I currently use an Aqua C Remora protien skimmer (not the best but it does the job). It is a hang on back or hang on tank type of skimmer. It works equally as well on the sump or on the main display tank. I prefer to have as much room in my main tank for fish and corals and for aesthetics, so it is placed in the sump. The return of the skimmer pours out onto a plastic knitting sheet, If you have never seen one it is white plastic with openings about this [ ] big all throughout the sheet. This helps the water from splashing and aerates it at the same time. This plastic knitting sheet is placed in a tupperware container that is drilled with holes. I also have a bag of Purigen in the tupperware container so that when the water from the skimmer flows onto the plastic knitting sheet it goes right over the bag, keeping the Purigen moving.

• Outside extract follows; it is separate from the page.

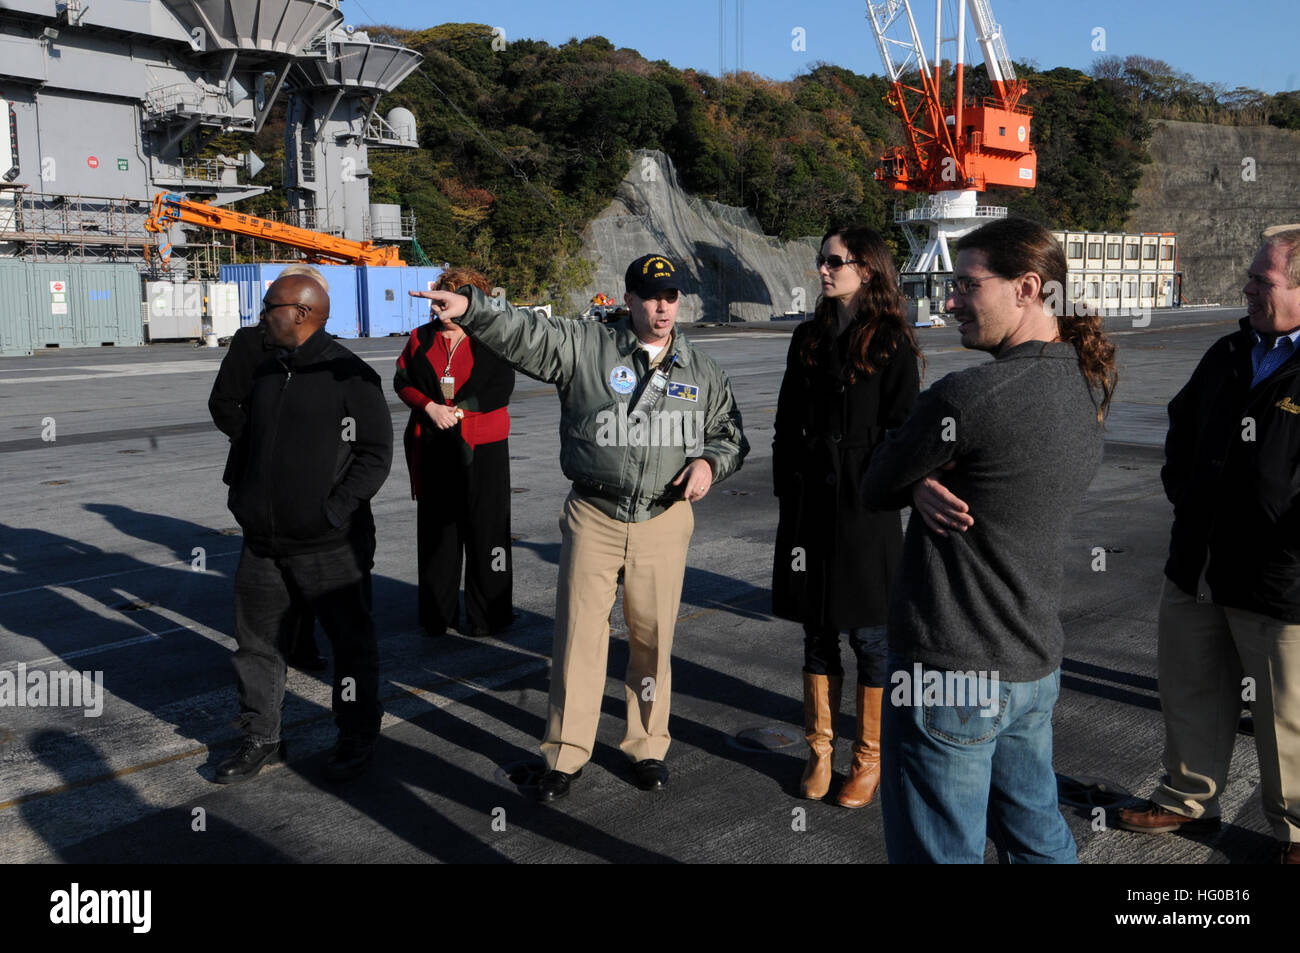 111213-N-JO245-050  YOKOSUKA, Japan (Dec. 13, 2011) Sarah Wayne Callies, a television and movie actress who recently starred as Lori Grimes in the Golden Globe nominated AMC series ÒThe Walking Dead,Ó tours the aircraft carrier USS George Washington (CVN 73) with Lt. cmdr. David Hecht, George Washington's public affairs officer.  George Washington is the Navy's only full-time forward-deployed aircraft carrier ensuring security and stability across the western Pacific Ocean. (U.S. Navy photo by Mass Communication Specialist 3rd Class Justin E. Yarborough/Released) US Navy 111213-N-JO245-050 A m Stock Photo

Overflow Rating vs Return Pump
The return as I mentioned before is a Mag Drive 5 pump that has a Max gph of 500. My CPR overflow box is a cs50 which has an overflow rating of 300 gph, this means that when the CPR overflow box exceeds 300gph it overflows the box and you have a nice saltwater enhanced floor .
So then how do I get away from using a 500gph return pump? Since the Mag Drive pump pushes water through a SCWD it causes a small amount of friction and the water losses some of its momentum. The Mag Drive also has a head loss when pumping water straight up, At four feet the Mag Drive only pumps 310 gph. As the water reaches the top of the tank there is a little more friction as the water is pushed out of two directional U-Tubes. When all is said and done I estimate that the pump eventually pushes 290gph or a little less.